時瑜的海釣還算順利。
她一下午就聊聊天釣釣魚,聊天有一搭沒一搭,反應過來應兩句,沒反應過來就發呆,伊萊希汀對她有一種驚人的包容,就算伊萊希汀說什麼話,時瑜在發呆沒理,他也不會覺得有什麼。
時瑜總覺得伊萊希汀的底線就是她還在呼吸。
釣魚更是隨緣,釣得到就釣,釣不到拉倒。
伊萊希汀說這是願者上鉤。
時瑜甚至邊釣邊看點沙雕小視頻:“沒錯,無所謂,不強求。”
但她運氣不錯,除了最開始釣到一個河豚之外,剩下的都是些沙尖魚,紅杉魚等可食用的魚類。
時瑜把它們都裝到了桶子裡。
桶裡遊魚甚多,時瑜覺得自己海釣戰績可查,便指著魚和一旁的伊萊希汀說:“願者上鉤的也有這麼多。”

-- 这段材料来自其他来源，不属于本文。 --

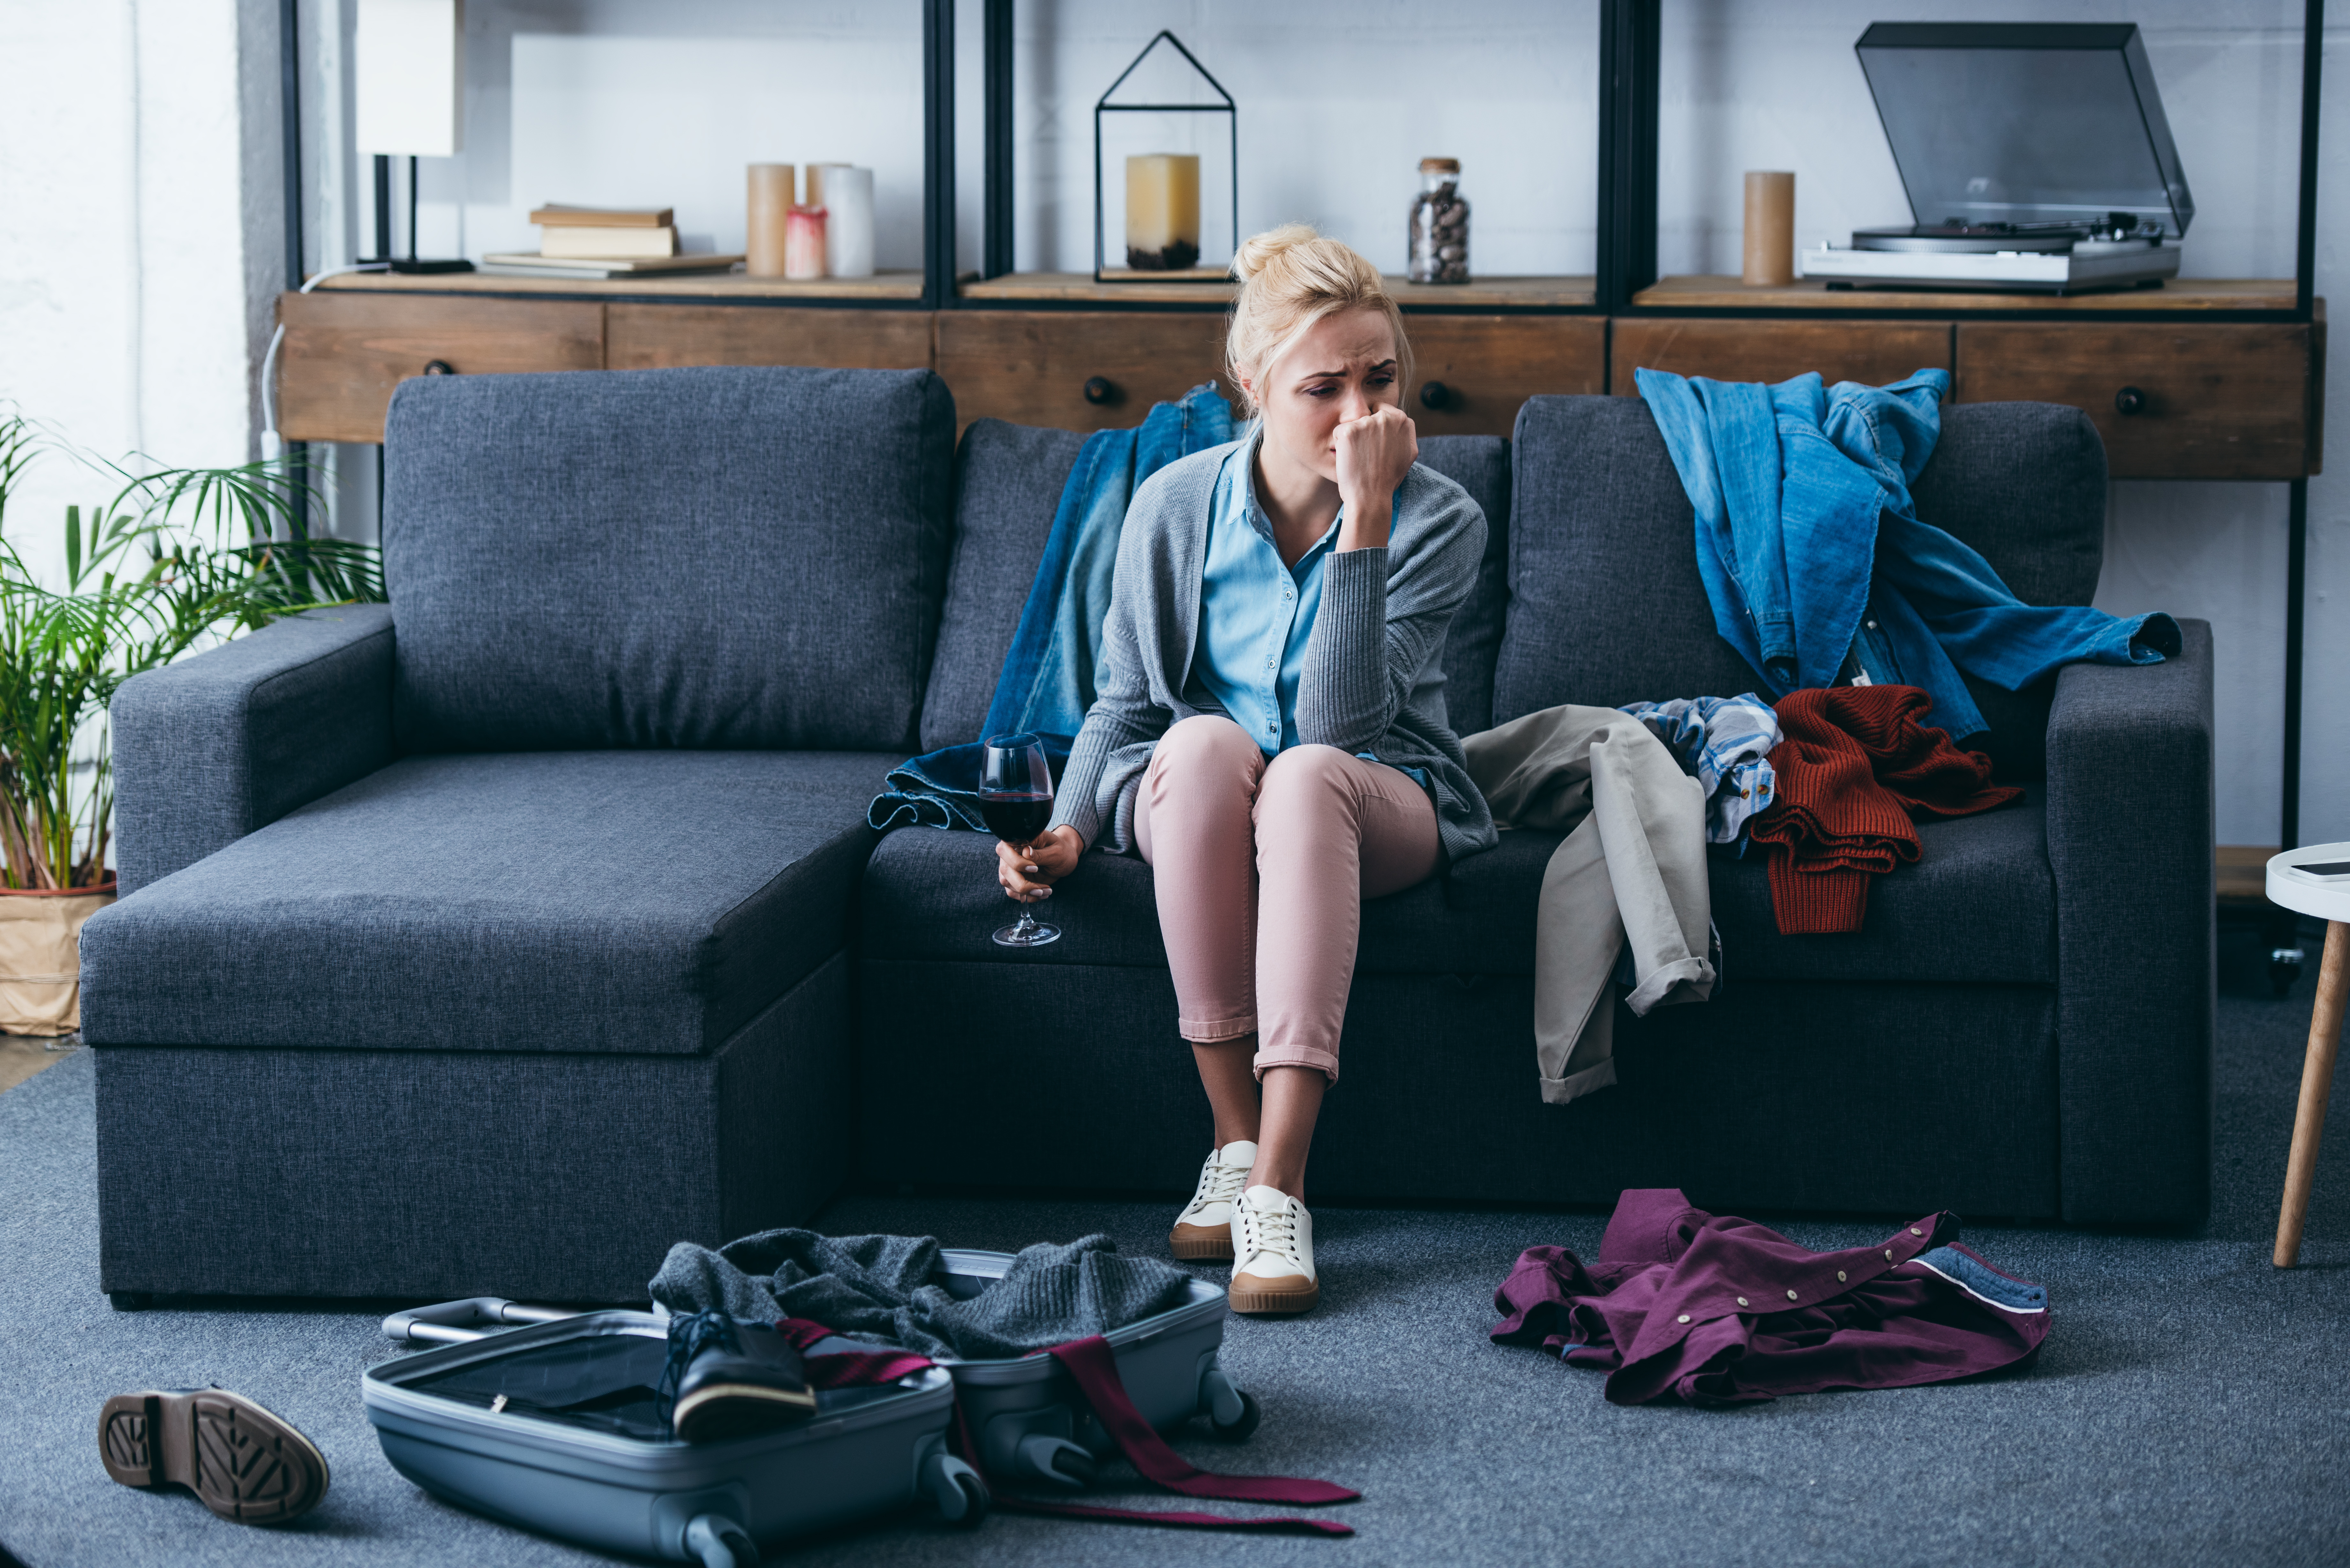 Depressed woman sitting on sofa and crying while packing | Source: Shutterstock

“是。”他替時瑜拎著桶子,覺得也實在是神奇,有幾下他感覺時瑜好像餌都沒掛,怎麼也能上來魚。
她還真就隨便釣釣。
伊萊希汀莫名其妙想到了中央軍區那一堆人。
他原來頭疼時瑜總不開竅,現在卻慶幸時瑜在這方麵的遲鈍和粗線條。
她感情遲鈍,人又淡,對很多事情其實根本沒什麼想法,隻是完成工作任務而已。
但她不開竅成這樣,都能讓一大堆人栽她身上,但凡開竅一點,有心思一點……
軍區,議會,聯邦,三個地方的勢力她能撬動不知道多少。
難怪有人要怕。
海釣結束已經是晚上,他們在遊艇上看了落日,趁著天黑前返了航。
今天海邊不知道是有什麼活動,不遠處的海上已經開始放煙花。
各色的絢爛澎一聲齊齊炸開,映得海麵都是彩,海浪一下又一下溫柔的推遞,退去時留下軟和平整的細沙,人群的歡呼聲順著風傳過來。
時瑜看著,突然道:“聽說對著煙花許願很靈?”
一直會接她話的伊萊希汀卻少見的沉默了快有兩三秒,才說:“你聽誰說的?”
時瑜愣了下,她甚至想了想:“……不知道。”
“許吧。那邊好像又要放了,記得閉眼睛。”
時瑜閉眼開始許願。
她願望很簡單,許完了,但煙花似乎還沒放完,她睜開眼,想看看伊萊希汀是不是也在閉眼許願,卻和一雙始終低頭注視著自己的眼睛對上了視線。
時瑜:“……?”
“你一直在看我?”
天已經完全黑了,最後的煙火落下,伊萊希汀卻沒有移開視線:“對。”
“你沒許願嗎?”
“不用許。”兩人踩著沙灘並肩往前,伊萊希汀知道和時瑜說那些彎彎繞繞的東西沒用,“我的願望是你。”
“我?”
“是,你好好的,這比什麼都重要。”
“哦,那我也希望你好好的。”
“為什麼?”
“很多事情我不記得了,但是,有一點我可以肯定。”
“什麼?”
時瑜確信道:“你肯定是對我來說非常重要的人。你希望我好好的,我當然也希望你好好的。”
伊萊希汀笑了聲:“時瑜,你真是……”
下雨了。
毫無征兆,說來就來,兩個人都沒帶傘,雨倒是不大,淅淅瀝瀝的,沙灘和住處離得也不遠。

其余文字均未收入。